Why God Calls Us To Be Traders

As followers of Jesus, we are called to participate and extend God’s mission in the world. In short, all Christians are called to be missionaries. Maybe not in the traditional “missionary” sense, but we are to be on mission in our workplace, homes, neighborhoods, etc. And, if we are to fully align with God’s mission, we have to call into question other “missions” — reputation, wealth, consumption, corporate ladders, church politics — that may be fighting for our time, energy and allegiance…we have to trade one mission for the mission of God. We are called to be traders.

I struggle with this everyday. Please, enter the struggle with me. When we stop struggling, we have probably agreed to live on a mission counter to God’s.

This video (produced by RightNow.org)  is a brilliant and artful piece that invites us all to become traders.  Check it out…

Travel as Pilgrimage #3: “Are You Another Mean American?”
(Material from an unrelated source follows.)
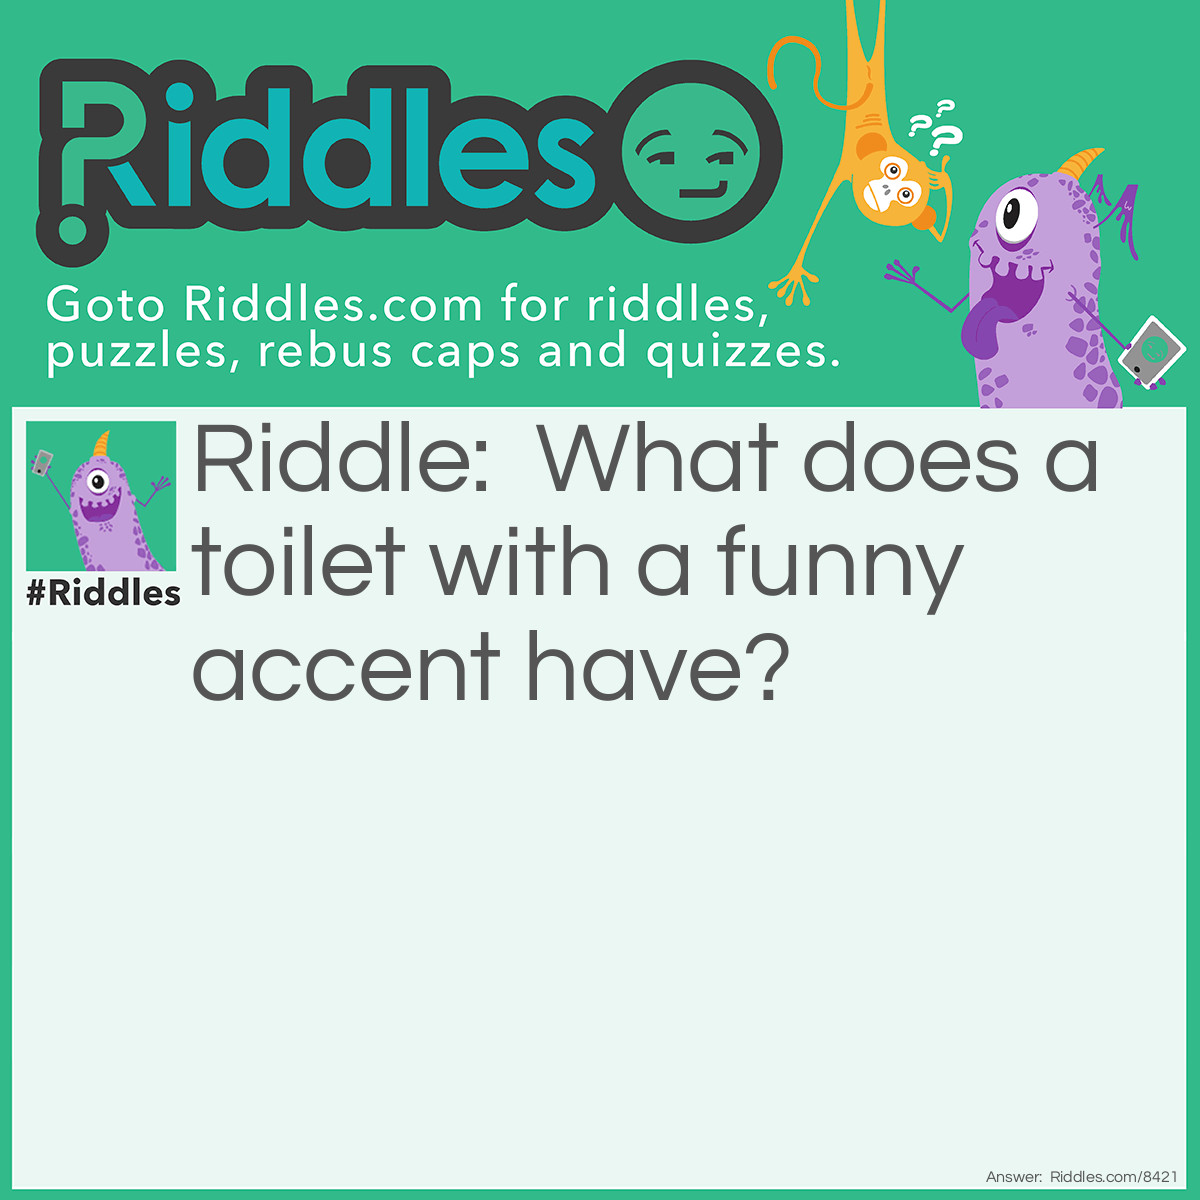 Riddle: What does a toilet with a <a title="Funny Riddles" href="../../../funny-riddles">funny</a> accent have? Answer: Irritable vowel syndrome!

Sitting at Cafe in Barcelona

It was New Year’s day and the streets of Barcelona, Spain were full of white lights and endless energy. Jan and I slowly strolled down Las Rambles (Barcelona’s most popular street) and took in scene. There is something about being in a different culture that puts you on your heals a little bit. Not knowing the language or cultural norms forces us into a posture of humility and listening. This is the posture that allows us to grow and learn of the vast diversity of God’s Creation. My inherited cultural telescope is so narrow…it is only in looking through another’s that my worldview expands. See my first Travel as Pilgrimage post for more explanation.

As we sat in a street side cafe drinking some tasty Sangria, a gentleman came by our table and asked if we wanted to buy any roses. I quickly declined, as I often do when people try to sell stuff to me unsolicited. But he didn’t leave. Instead, he stood next to our table with a very friendly demeanor about him as if the conversation wasn’t over. I could tell he wasn’t trying to sell us roses anymore; he was looking for some conversation.

He smiled and asked, “Are you another mean American? Why is the world so mad at you?¨

This obviously caught our attention and I stumbled through some kind of response like, “Well, I’d like to think we aren’t mean.” All the while I knew I had just tried to shoe him away by quickly declining his roses and had barely looked him in the eye. Maybe I was a mean American.

We invited him to sit down with us and offered him a glass of Sangria. With a smile, he declined the Sangria, but accepted the seat. After asking him his story, he told us that he was from Pakistan and had just arrived in Barcelona three weeks earlier. He loved his family and his homeland, but had been forced to escape some violent turmoil and was now trying to make a living selling flowers on the streets of a foreign land.

After asking him why he asked if we were “mean Americans,” he explained the demeaning way he had been treated by other American tourists. I’m sure some of it was cultural misunderstanding and some due to the prejudice we can often adopt against the Middle East. In any case, I hope our new friend experienced something different of Americans that night. After all, our primary role wasn’t to represent America, but God’s Kingdom.

He was a very humble and understanding man with a very different story than our own. Hard to imagine all he has been through. Maybe a bit of irony, but his name was Justice.

Have you had any interactions that called into question your inherited worldview?  Experiences that forced you to realize you may engage others in a way counter to our primary calling as representative of God’s Kingdom?